Il s’appelle Daniel Blake, mais pourrait tout aussi bien s’appeler Daniel Dupond. En Angleterre comme en France et ailleurs, pas de pitié pour les Daniel et leurs semblables quand, à 59 ans, ils se retrouvent à la marge du monde enchanté du travail. Daniel Blake, lui, a bossé toute sa vie comme menuisier dans sa ville de Newcastle avant que des problèmes cardiaques lui interdisent de poursuivre sa tâche professionnelle. Invité par son médecin à cesser toute activité professionnelle, Daniel se retrouve face à une situation 100 % absurde et 100 % dramatique. Les services sociaux refusent de l’indemniser suite à des problèmes administratifs et ce héros de notre temps, pour espérer gagner un peu d’argent, se doit donc de pointer au Pôle Emploi local pour quémander un job qu’il ne pourra pas accomplir vu sa santé précaire. Circonstance aggravante : Daniel Blake n’a jamais vu un ordinateur de sa vie et il ne comprend que couic aux subtilités de la modernité numérique, évidemment plébiscitée par les petits soldats des "Job Center", qui n’hésitent pas à radier ceux qui ignorent ce que signifient les mots "connecter" et "actualiser". Quel avenir pour Daniel Blake ? That is the question…
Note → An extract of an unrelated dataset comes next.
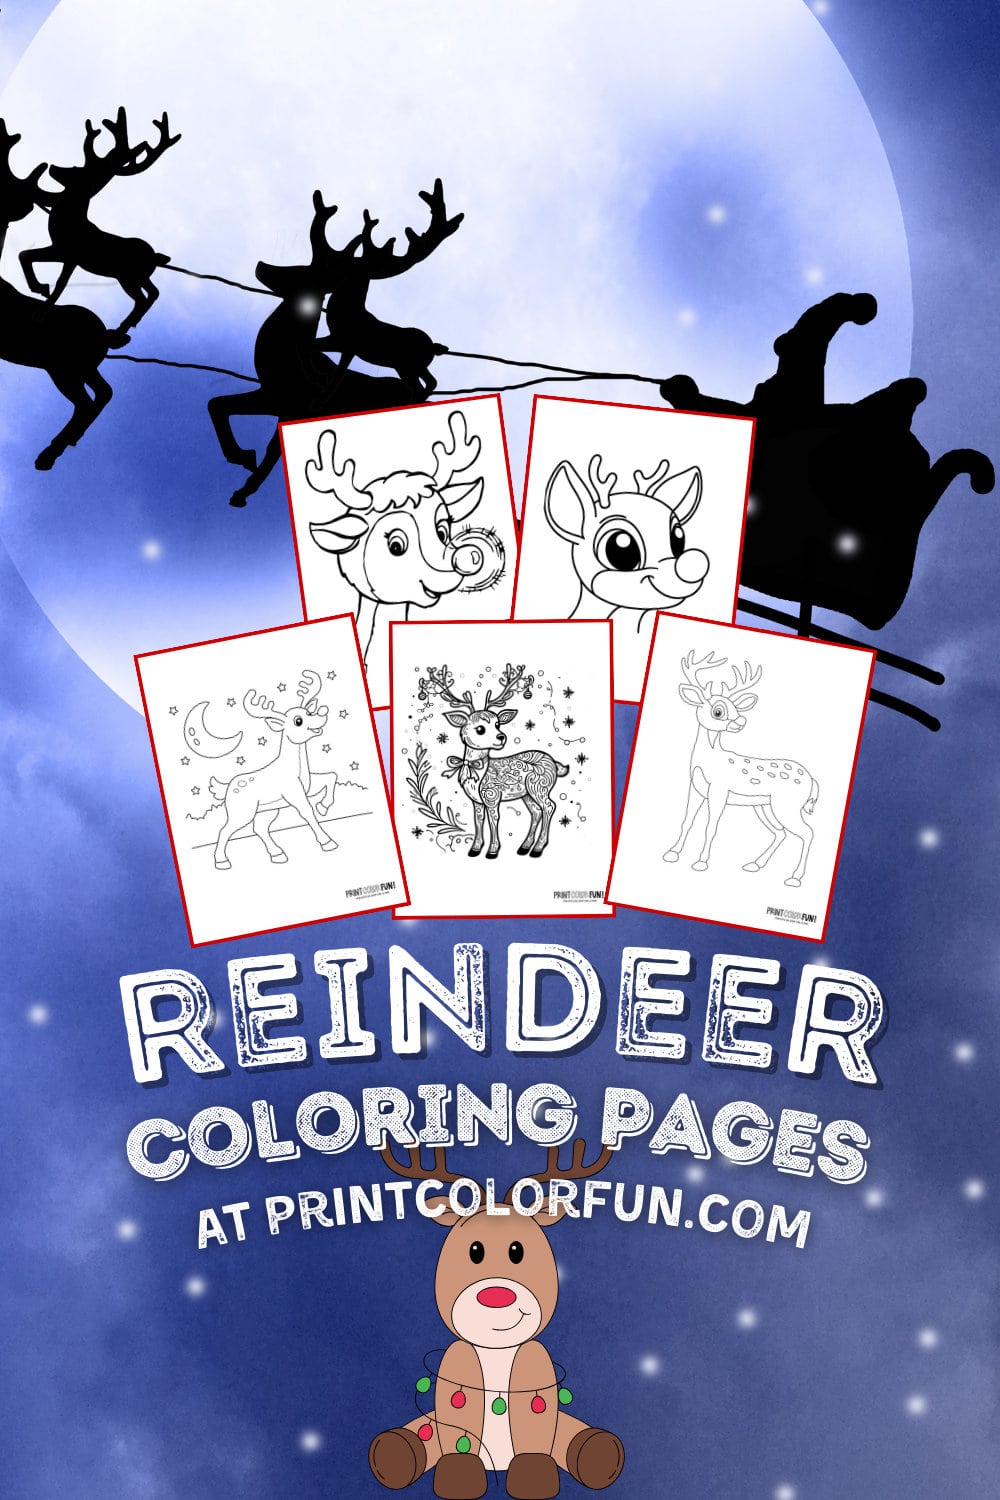 Reindeer and Rudolph Christmas coloring pages and clipart - PrintColorFun com Halloween coloring pages and clipart - PrintColorFun com

Un âge canonique, mais une colère de jeune homme ! Dans Moi, Daniel Blake, l’inusable Ken Loach, 80 ans, suit au plus près son personnage dans les dédales d’une administration du chômage qui, plus ou moins consciemment, broie les "faibles". Digne, obstiné, pudique, Daniel Blake ne s’apitoie jamais sur sont sort, ne pleurniche pas, combat avec ce qui lui reste de force et, quand il en a l’occasion, vient en aide à plus mal-en-point que lui. Par exemple à Katie, une jeune femme qui survit avec ses gosses dans un foyer d’accueil à 500 km de sa ville natale. Tout comme son protagoniste émouvant, Ken Loach, dans son nouveau film, ne sombre jamais dans la sensiblerie et le misérabilisme, mais met en scène avec une puissance et une justesse de chaque plan une certaine réalité contemporaine qui ne fait aucun cadeau à ceux qui ne répondent pas aux standards de la compétitivité. Implacable jusqu’à son terme, Moi, Daniel Blake, on l’aura compris, n’a rien d’une comédie frivole, mais tout d’un grand film poignant et enragé. La palme d’or reçue à Cannes en mai dernier par Ken Loach, la seconde dix ans après Le vent se lève, est venue récompenser cette fiction bouleversante qui regarde son époque dans le blanc des yeux. La preuve que les jurys n’ont pas toujours tort.
Moi, Daniel Blake, de Ken Loach, avec Dave Johns, Hayley Squires, Dylan McKiernan… Sortie le 26 octobre.